After dominating the independent circuit of professional wrestling for the first 15 years of his career, Kevin Owens signed with WWE in early 2014, eventually making his debut with NXT later that year.
Within the proceeding six months, the “Prizefighter” won the NXT World championship from Sami Zayn and made his main roster debut by assaulting John Cena. In Owens’ mind, the quick ascension wasn’t a mere lucky break but a culmination of a successful near two-decade long career.
“I felt very confident in my abilities and I felt like when I stepped foot in that ring with John Cena on my first night on RAW, that’s exactly where I belonged,” Owens said to Jonathan Coachman on ESPN’s weekly Off the Top Rope segment. “To me, I belong at the top regardless of how long I spent in NXT before.”
In comparison to several other former NXT superstars, Owens’ stint in the WWE’s developmental brand was brief. Zayn spent three years in NXT, and guys like Neville (two years), Baron Corbin (four years), and others had a longer journey to the main roster.
However, Owens is appreciative of his time at NXT. While “KO” was a top performer in several promotions during his run on the independents, a lot of times he did not have the luxury of wrestling in the most glamorous venues.
“NXT was actually a pretty amazing experience on its own just because I went from wrestling in these, I don’t know, church basements and bars to NXT, the Performance Center which is this incredible facility.
“NXT is set up in a way that when you come out on RAW, on that stage, and make your debut on RAW…SmackDown…everything in NXT is to prepare you for that moment.”
Owens noted that he began training in a barn as a 14-year-old teenager and had his first match on his 16th birthday.
During his run on the main roster, Owens has captured the WWE Intercontinental championship on two occasions.
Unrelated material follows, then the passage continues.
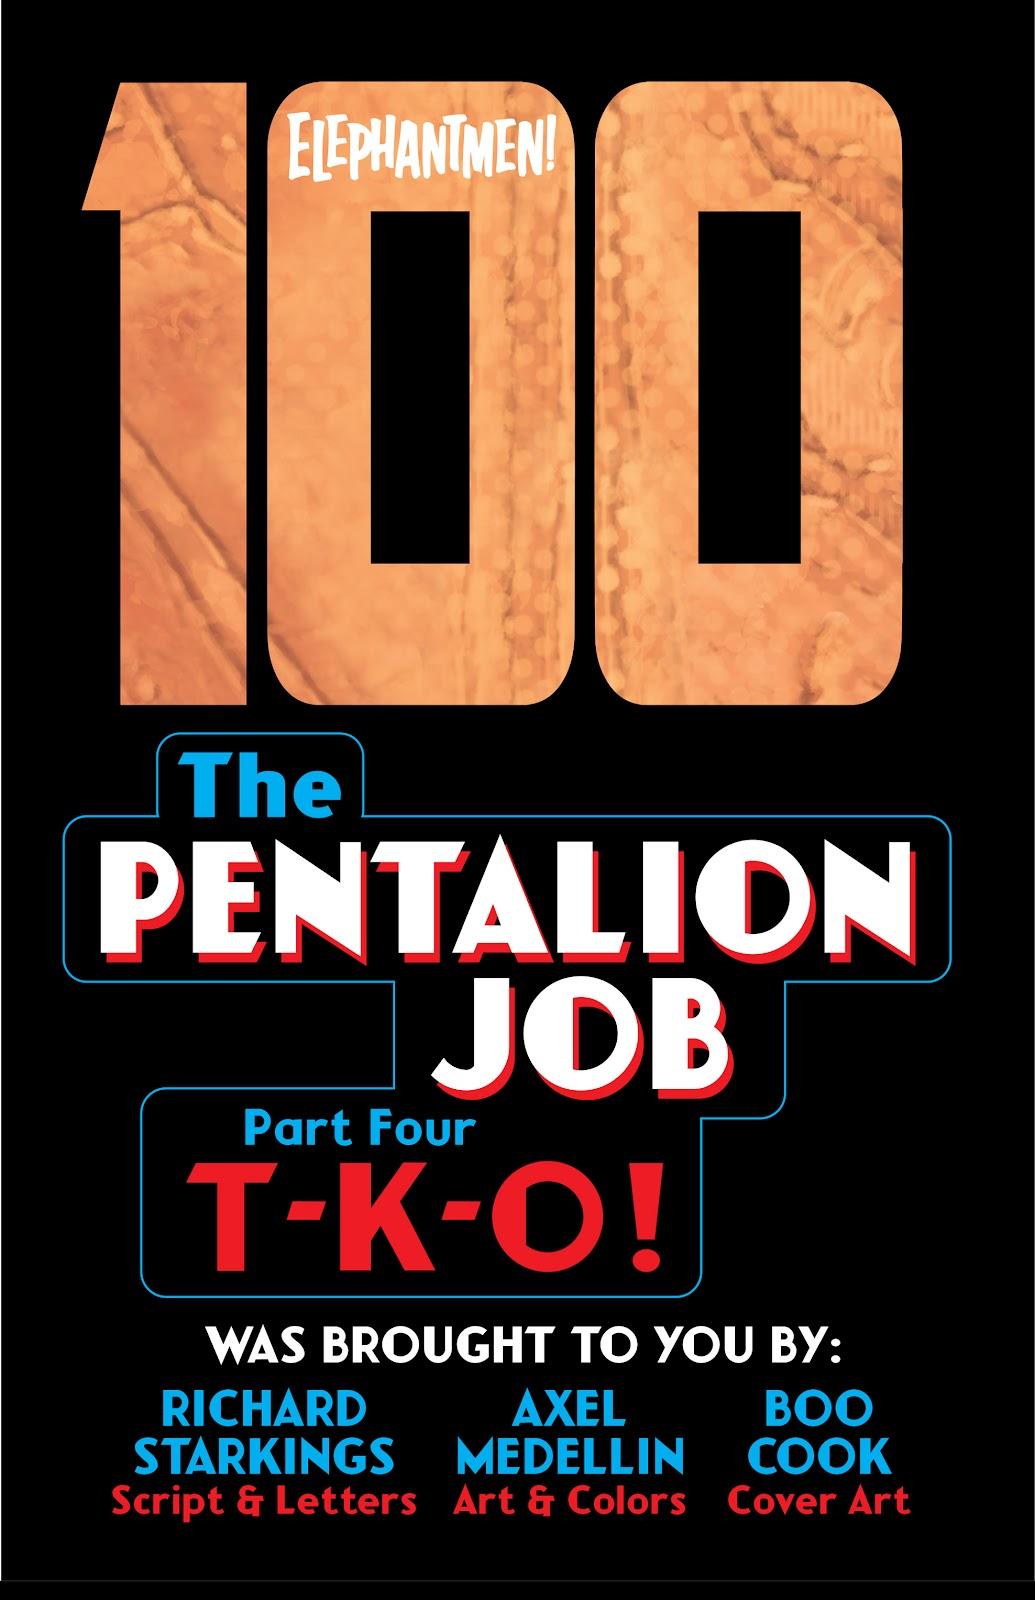 Read online Elephantmen 2261 Season Two: The Pentalion Job comic -  Issue # TPB - 94

He lost the title at WrestleMania 32 in a seven-man ladder match to open the show. Being the champion was a nice accolade but making his WrestleMania debut — something Owens says he thought about thousands of times — was surreal.
“Even what I imagined, I wasn’t prepared for that feeling, it’s something I will always remember,” Owens said about his WrestleMania debut last April in Dallas, Texas.
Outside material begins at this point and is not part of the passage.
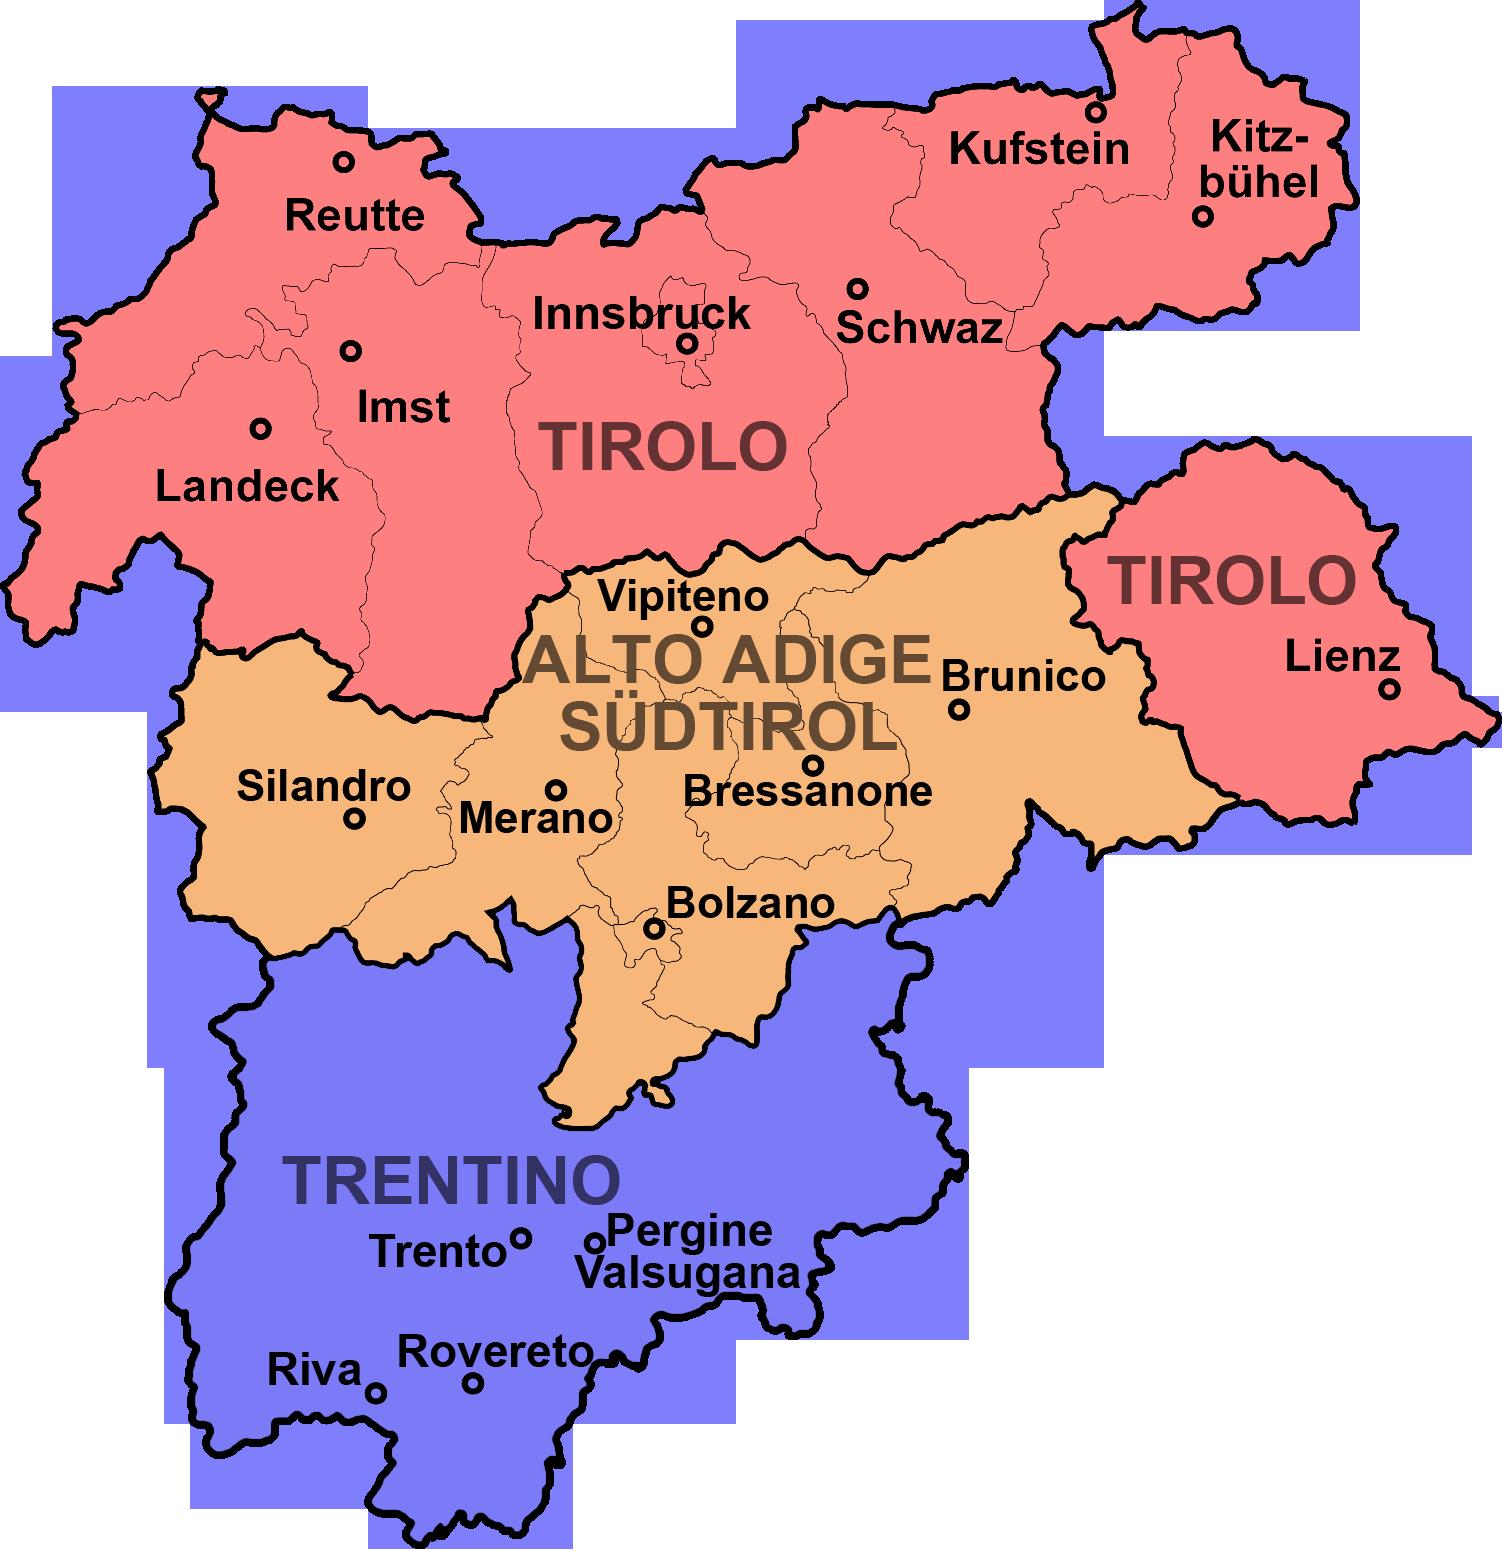 Tirolo-Südtirol-Trentino

“That WrestleMania was only the beginning, I’m looking forward to bigger and better things over the next few years at WrestleMania.”
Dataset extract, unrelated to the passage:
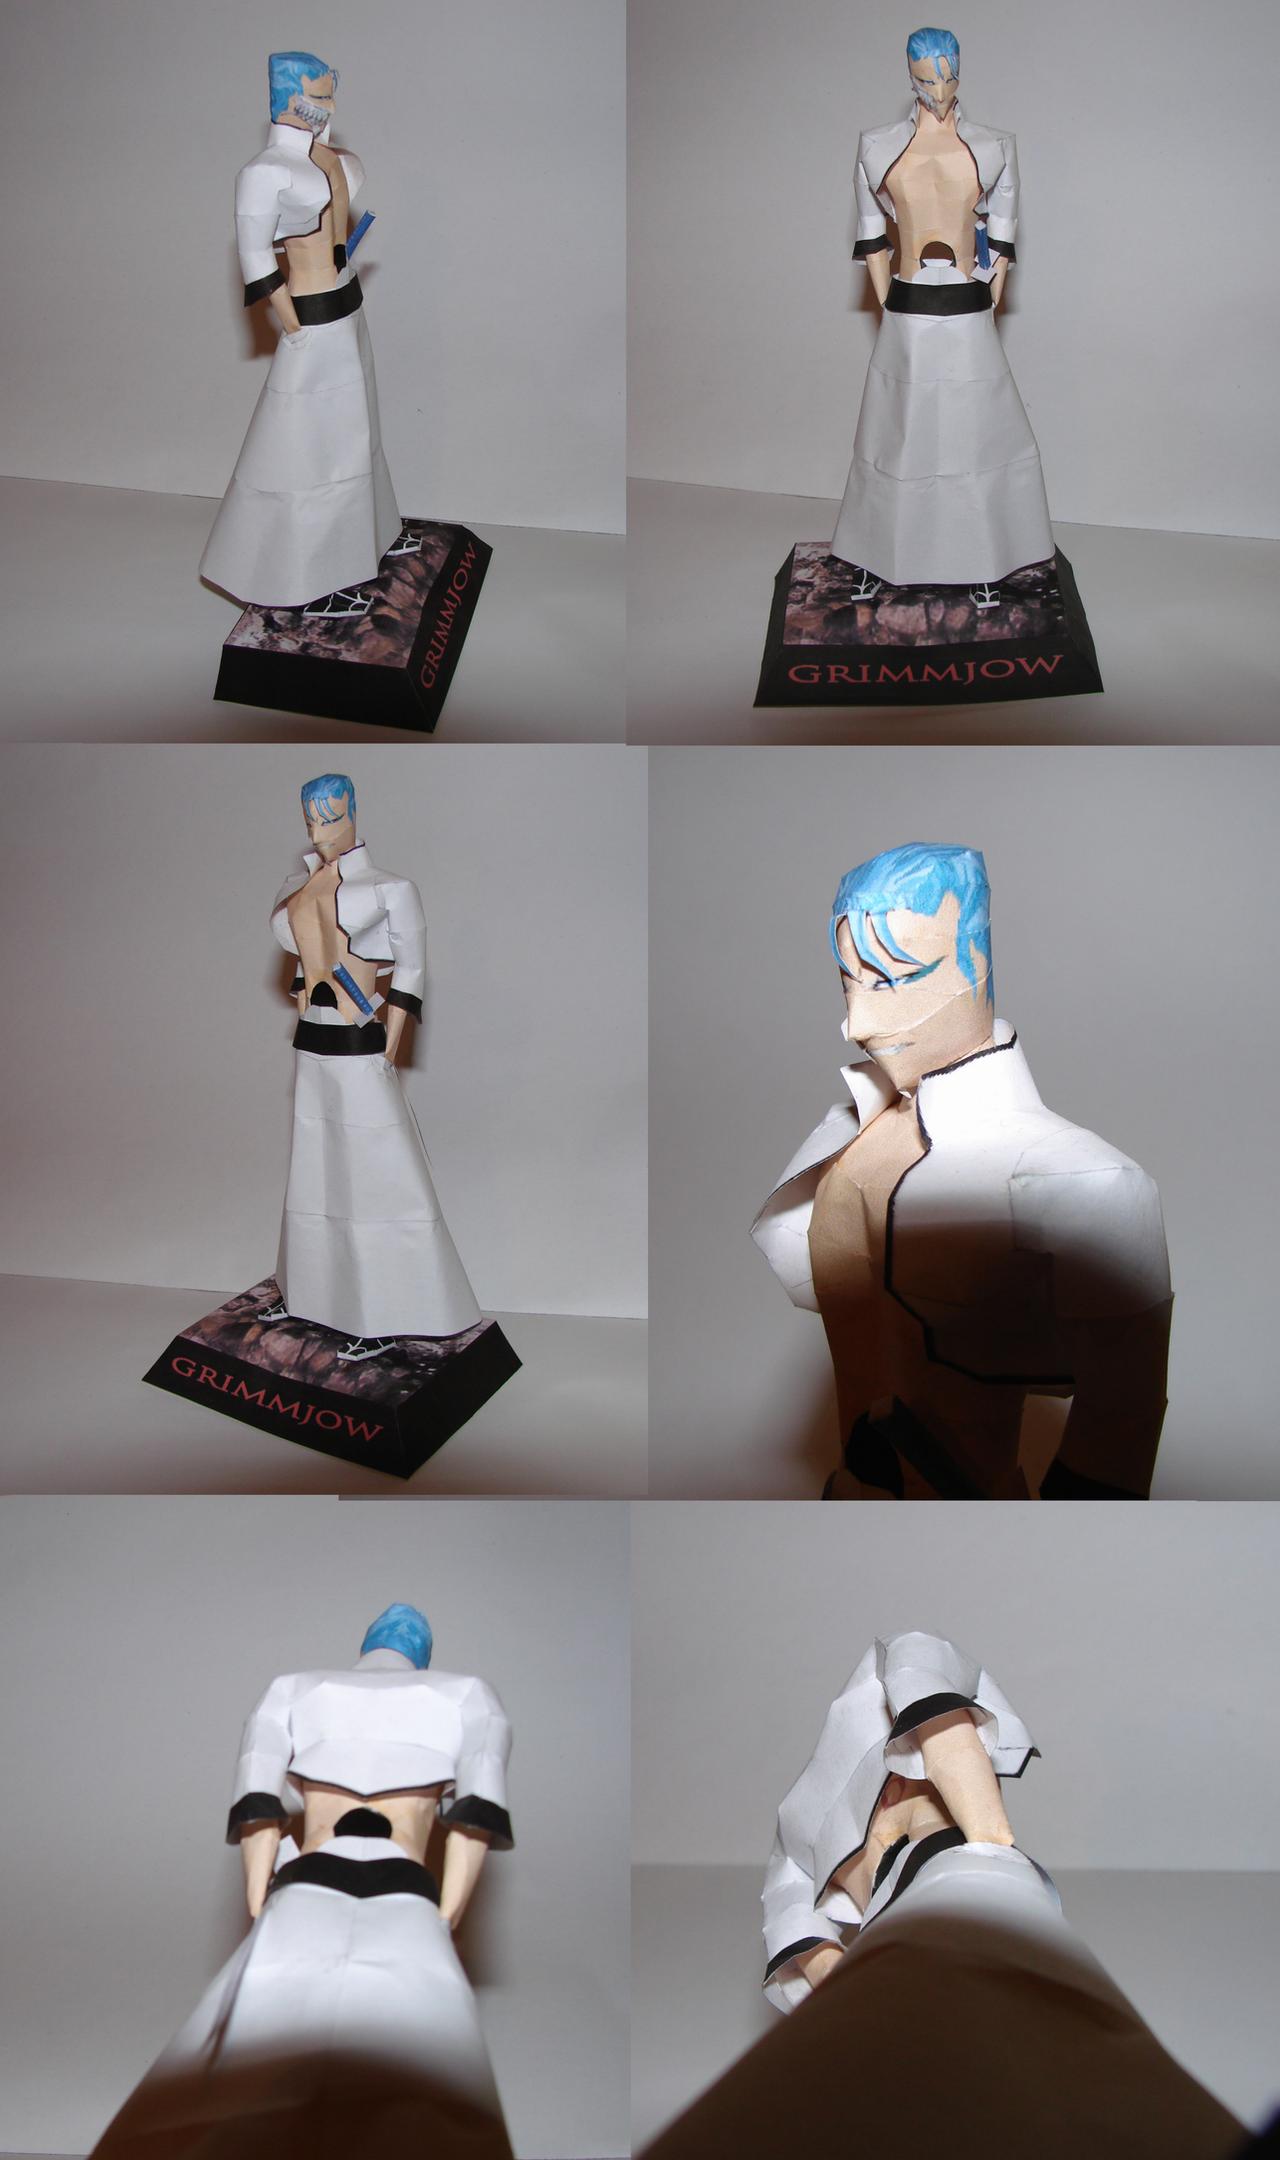 Grimmjow papercraft model by Weirda208

Owens said he was 150 pounds when he started training and emulated WWE Hall of Famer Shawn Michaels, a fellow former Intercontinental champion.
After seeing “The Heartbreak Kid” utilize his smaller stature and unique offense in the way he did, Owens was motivated to be the best performer he could be despite being bigger than average.
“Obviously, throughout the years, I’ve packed on some weight and got a little bigger. I never stopped performing all those moves, I never stopped going off the top rope and I always did those things and always kept up with that stuff. I think it’s worked out because now I’m 266 pounds and I’m still able to do that stuff, which most guys my weight can’t do.”
Finally, Owens spoke about his antics on Twitter, calling out disrespectful fans and having fun with the hateful tweets he receives on a daily basis. Owens said that this has been going on since he first joined the social media platform in 2011.
Moving forward, Owens plans on continuing those antics if fans keep giving him a reason to do so.
“A lot of people think that their Twitter account gives them some sort of power and gives them the right to be disrespectful or offensive and I just don’t believe in that. Yes, I’m a public figure but I’m not just gonna sit there and take peoples’ crap…for lack of a better term.”